Beginning with the line that contains "Jean-Claude Duboys, Pair", copy each subsequent line of the data below through the last one, including both ends but not the pictures.

(Input data):
------------------------
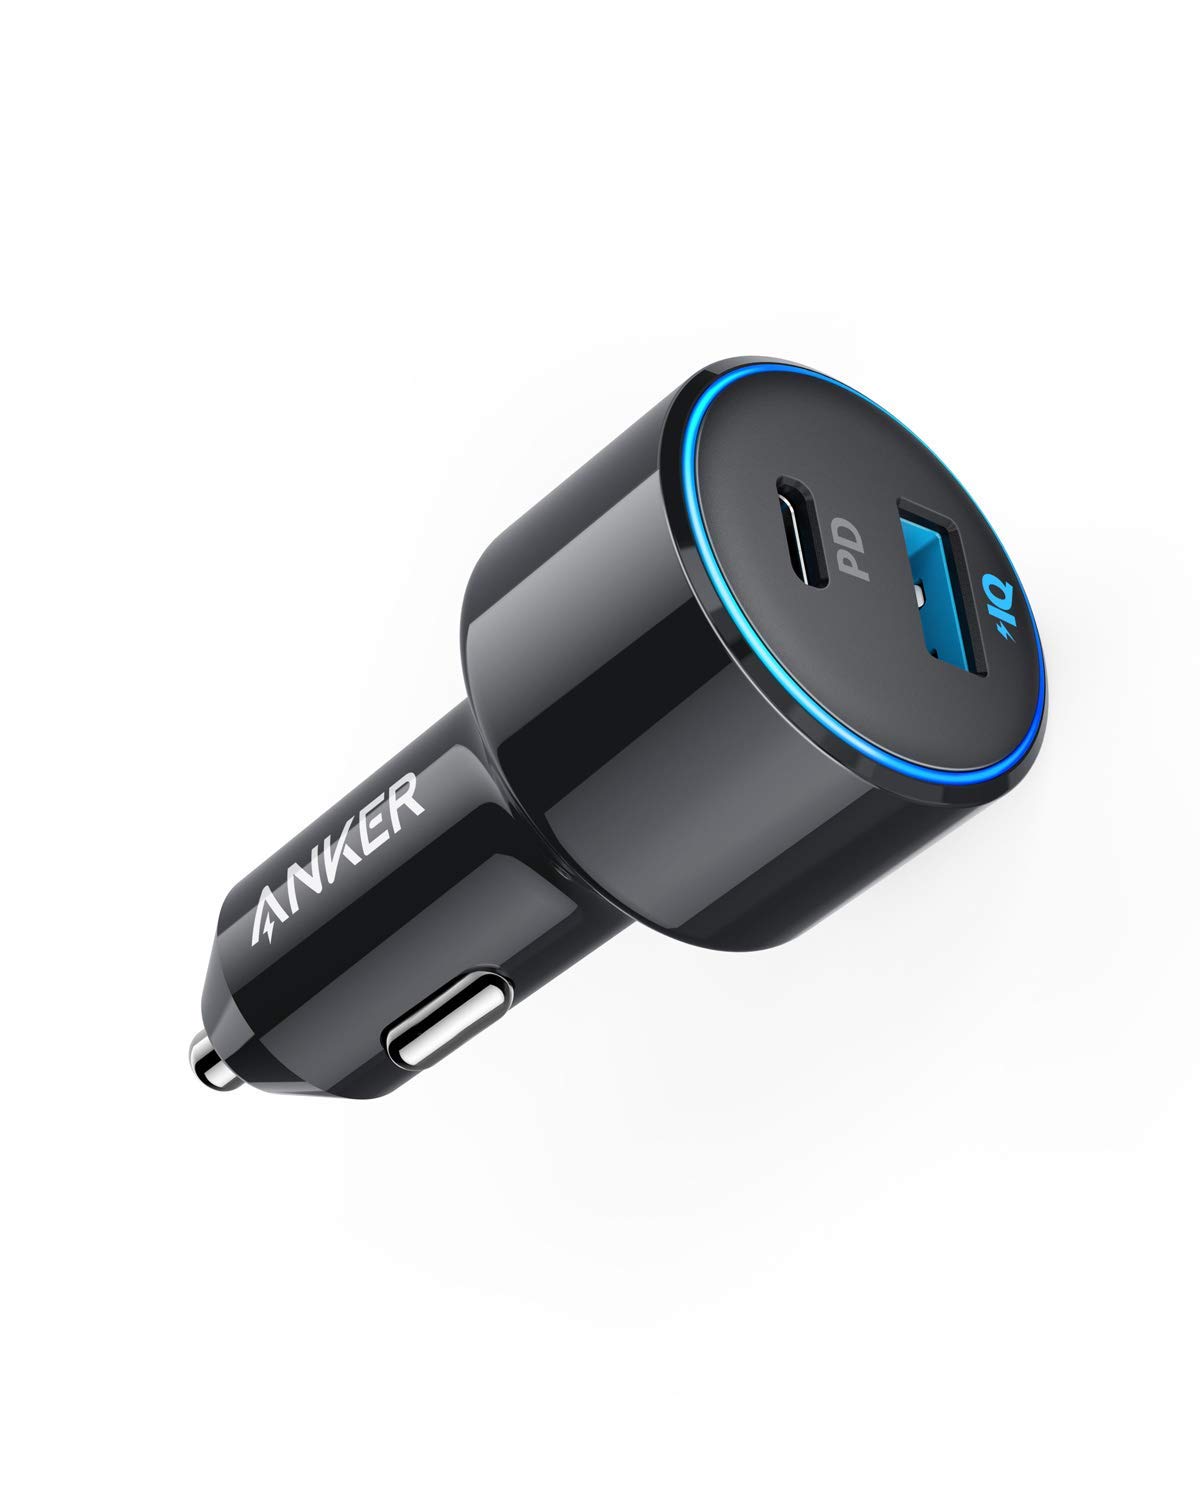 Anker、USB PDに対応した2ポートカーチャージャー｢Anker PowerDrive Speed+ Duo｣を発売
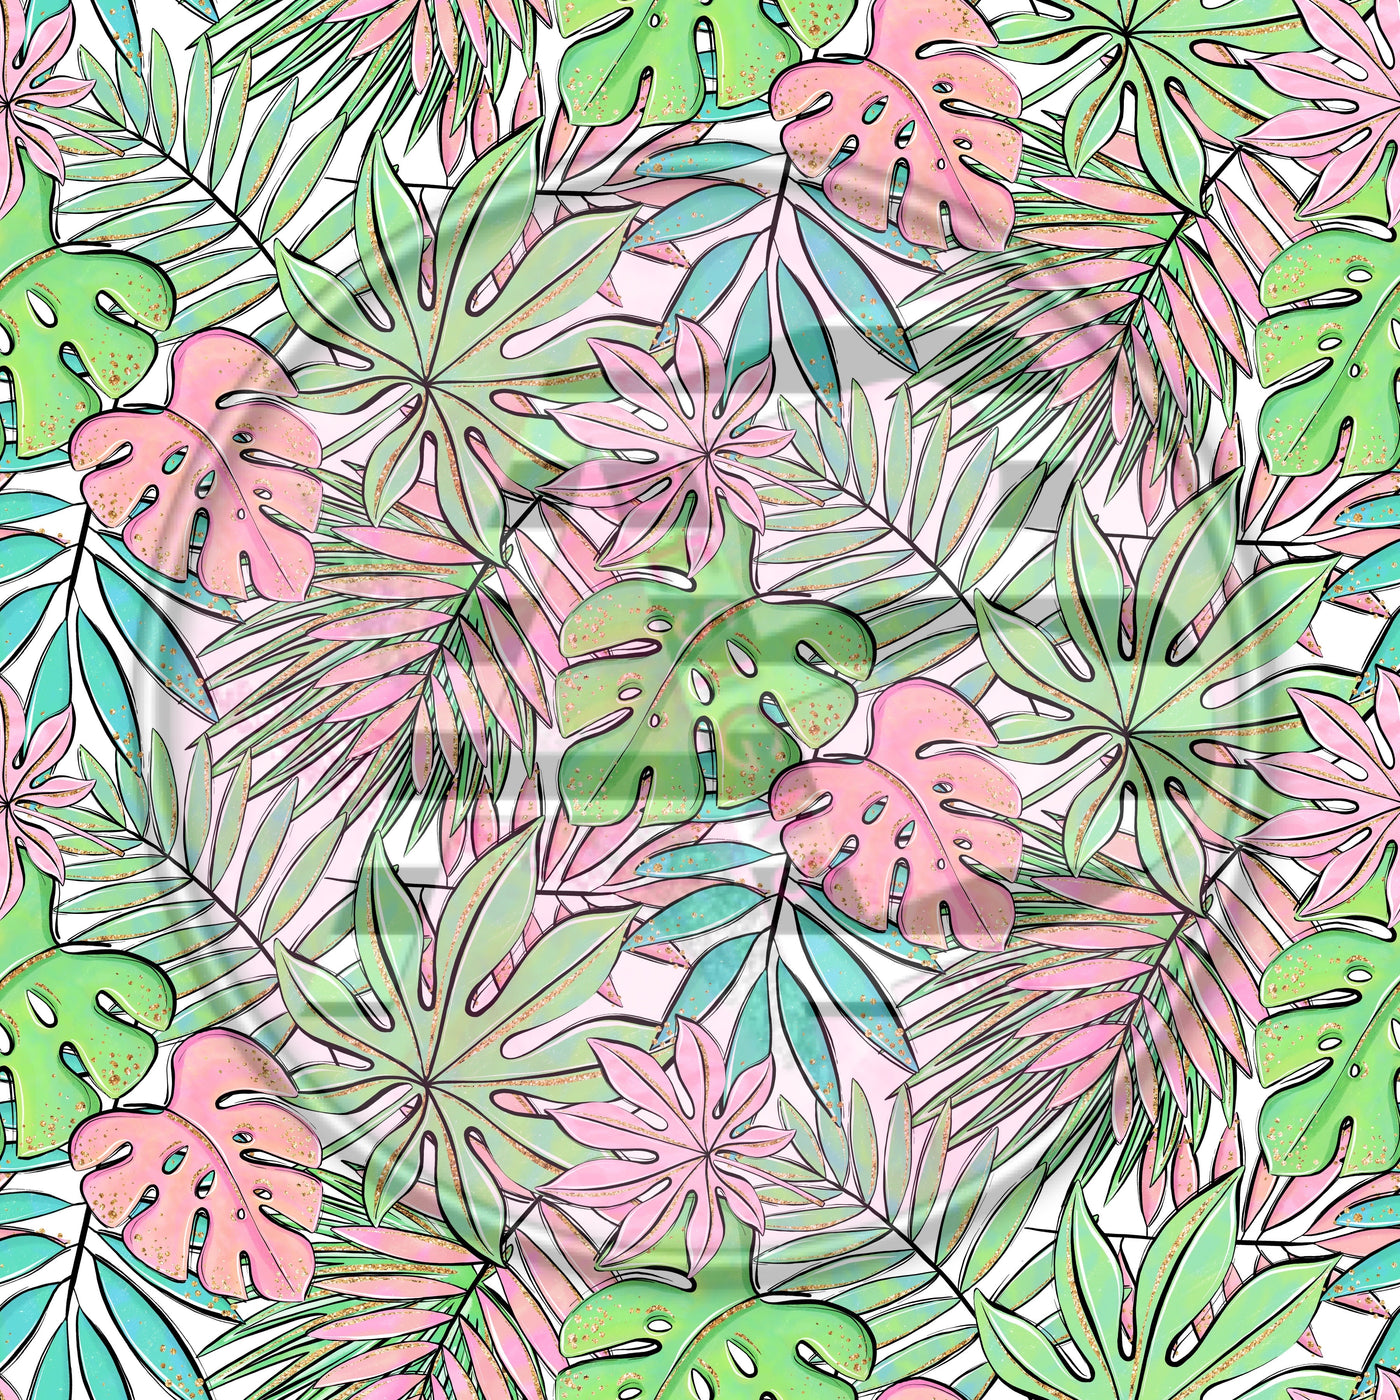 Adhesive Patterned Vinyl - Tropical 702
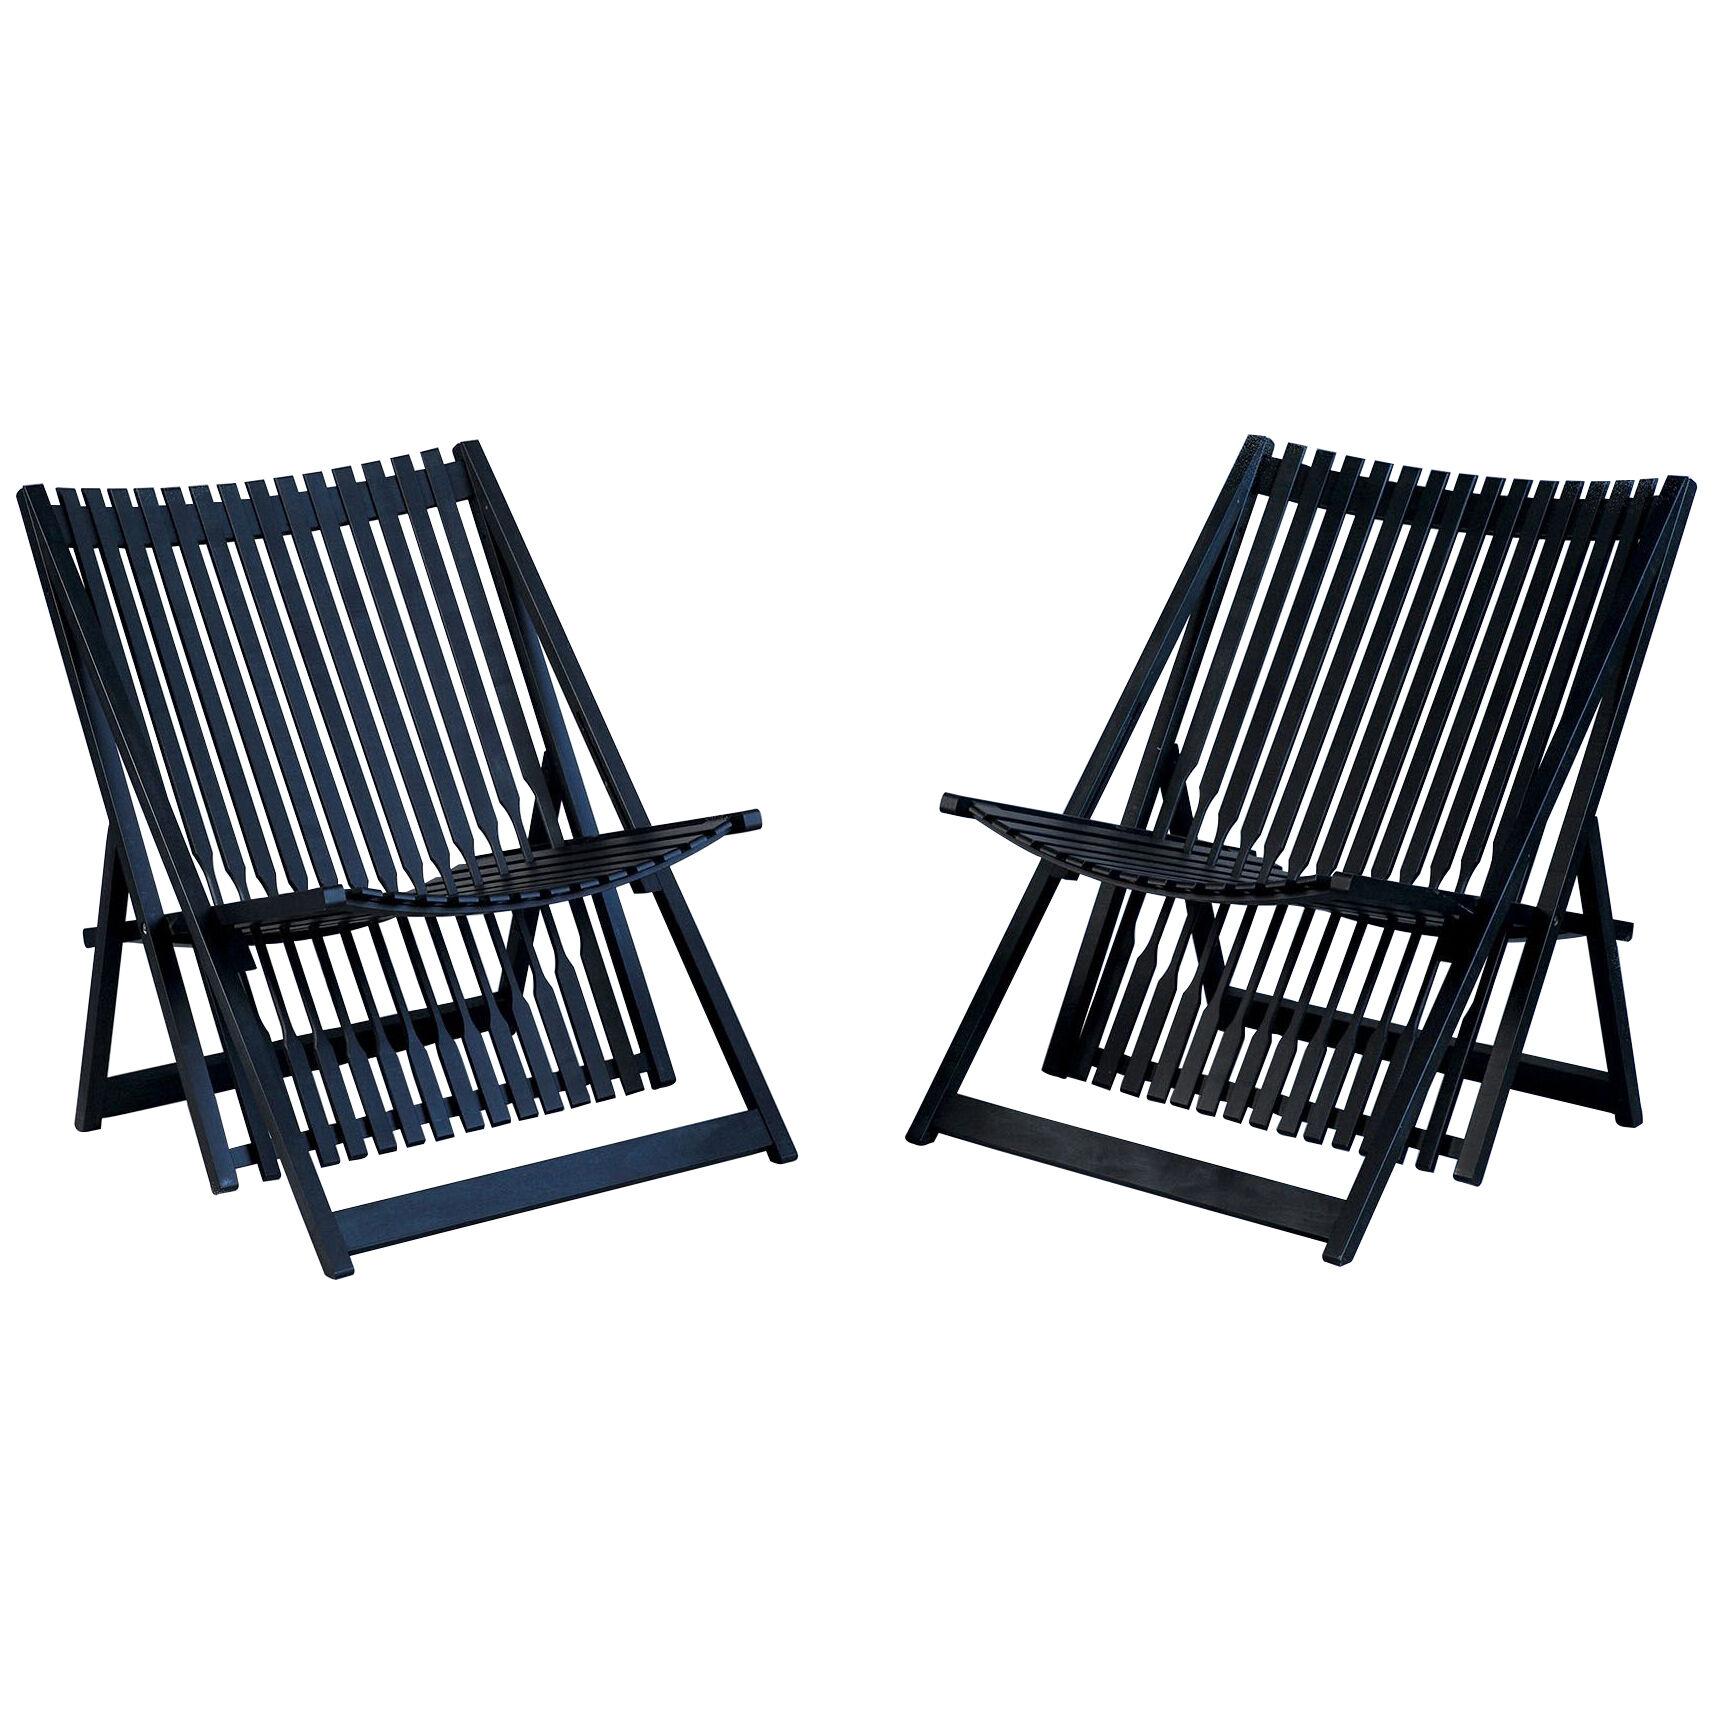 Jean-Claude Duboys, Pair of A1 Armchairs, France, 1980
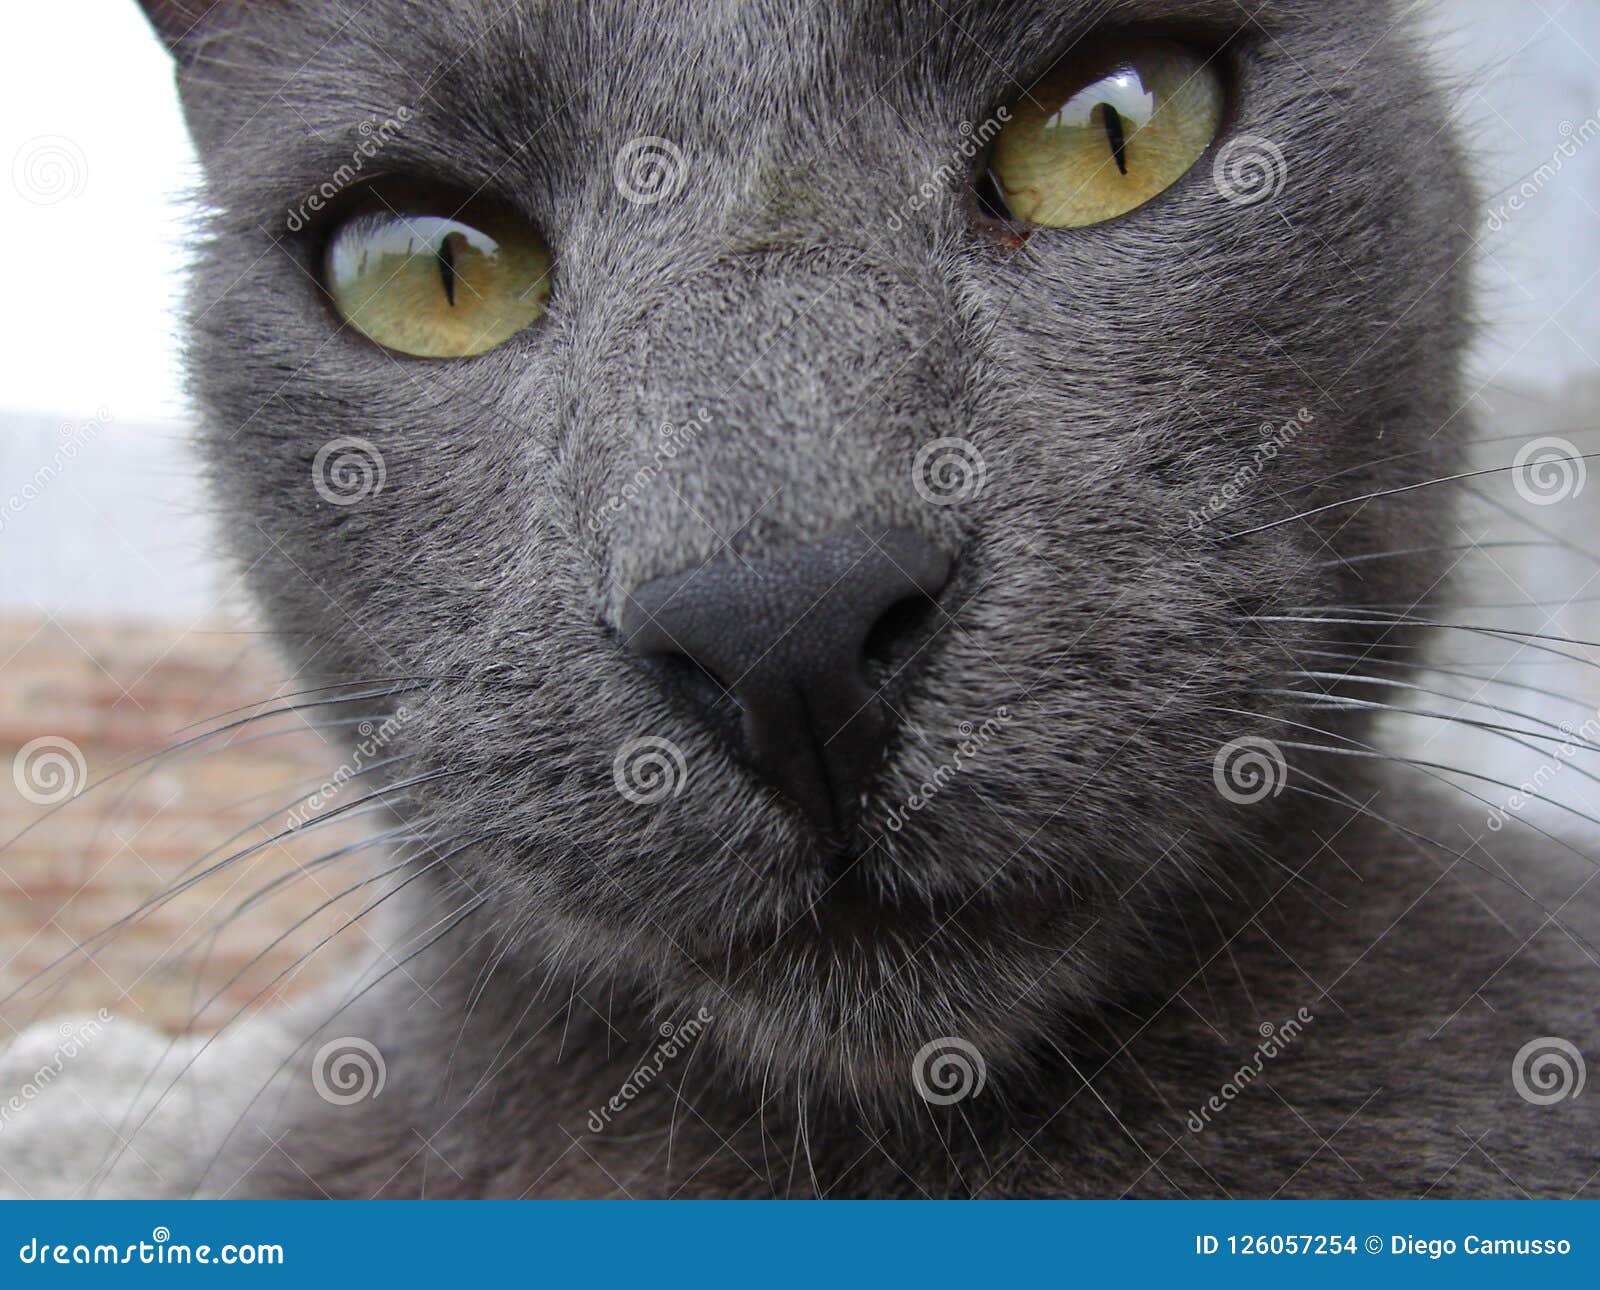 beautiful portrait of gray cat face in the foreground
------------------------
(Answer for the task):
 Jean-Claude Duboys, Pair of A1 Armchairs, France, 1980
 beautiful portrait of gray cat face in the foreground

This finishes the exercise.